More specifically, the circuit terminals 22 on one main surface 21 of the IC chip 20 are joined to the joining terminals 15 of the base portion 11 by thermocompression using bumps 41 made of gold, solder or the like using flip chip mounting. To do.
At this time, an underfill material such as an epoxy resin may be filled between the one main surface 21 side of the IC chip 20 and the base portion 11 to reinforce or protect the connection portion.

Next, as shown in FIG. 2D, the lid portion 12 of the package 10 is seam welded to the joint portion 13 of the package 10.
A crystal oscillator 1 as shown in FIG. 1 is obtained through the manufacturing steps such as the above steps.

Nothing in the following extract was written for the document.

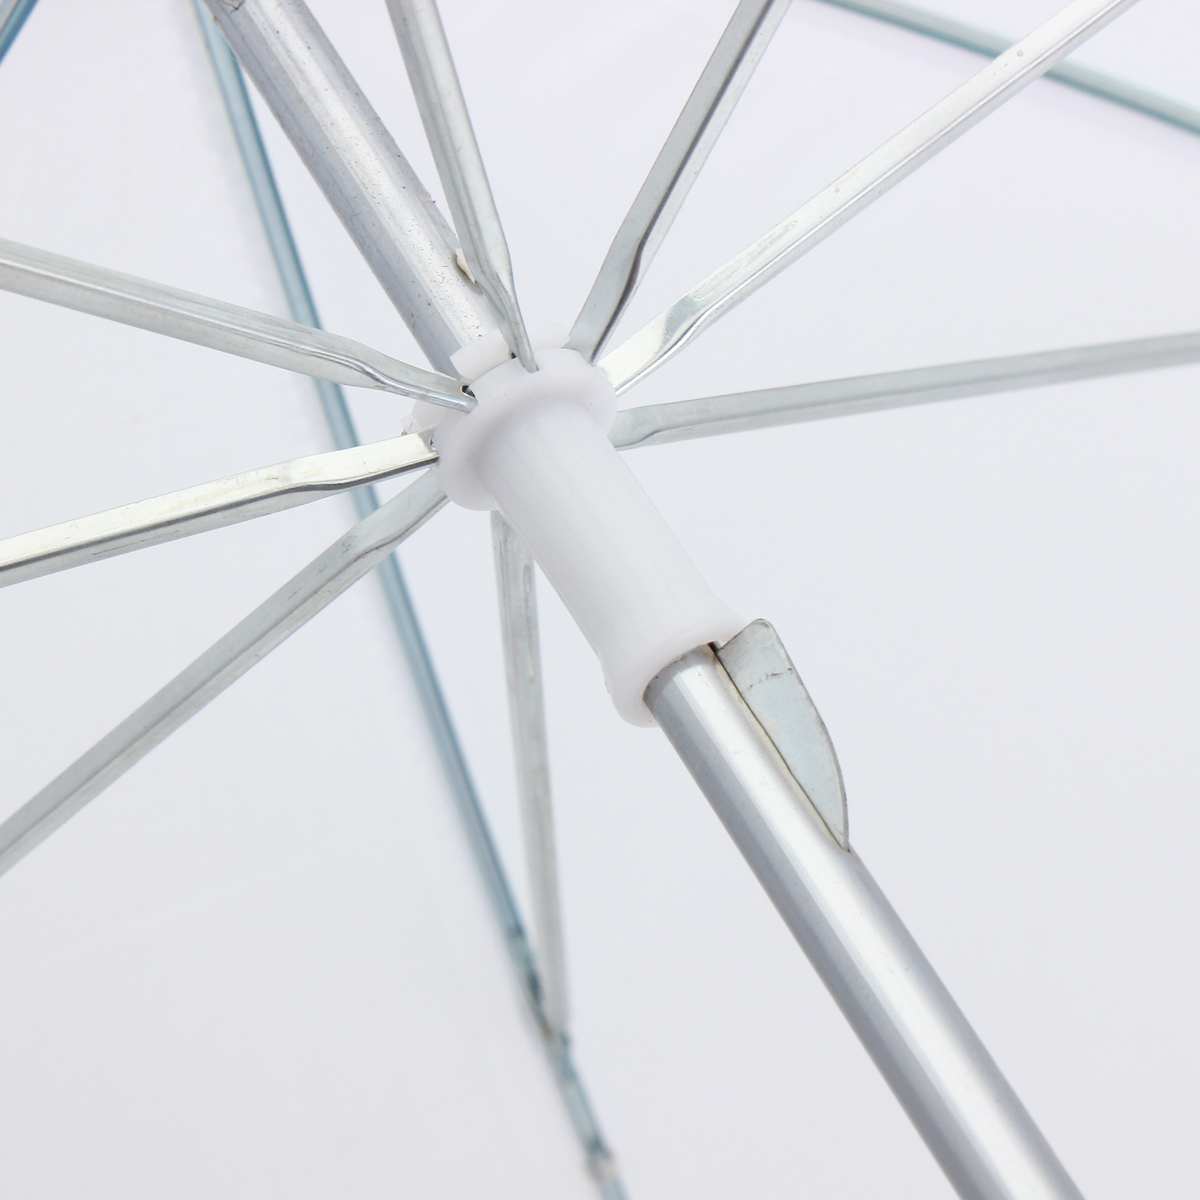 43 inch Photography Studio Video Photo Light Umbrella White Translucent Diffuser flash Soft Umbrella Accessories

  As described above, in the method for manufacturing the crystal oscillator 1 according to the first embodiment, the crystal vibrating piece 30 is formed with the through hole forming step for forming the through hole 31 penetrating in the thickness direction, and the crystal with the through hole 31 formed therein. A quartz crystal resonator element mounting step for mounting the resonator element 30 on the base portion 11, and an IC chip mounting step for mounting the IC chip 20 on the base portion 11 in the through hole 31 in plan view after the crystal resonator element mounting step. Have.

Therefore, in the method for manufacturing the crystal oscillator 1, the crystal resonator element 30 mounted on the base portion 11 can be inspected alone by performing the crystal resonator element mounting process before the IC chip mounting process. Thereby, the manufacturing method of the crystal oscillator 1 can be made to flow to an IC chip mounting process only when the crystal vibrating piece 30 is a good product.
Therefore, the manufacturing method of the crystal oscillator 1 is higher than the conventional manufacturing method in which the IC chip is mounted before the crystal vibrating piece, so that the non-defective IC chip can be discarded. Can be improved.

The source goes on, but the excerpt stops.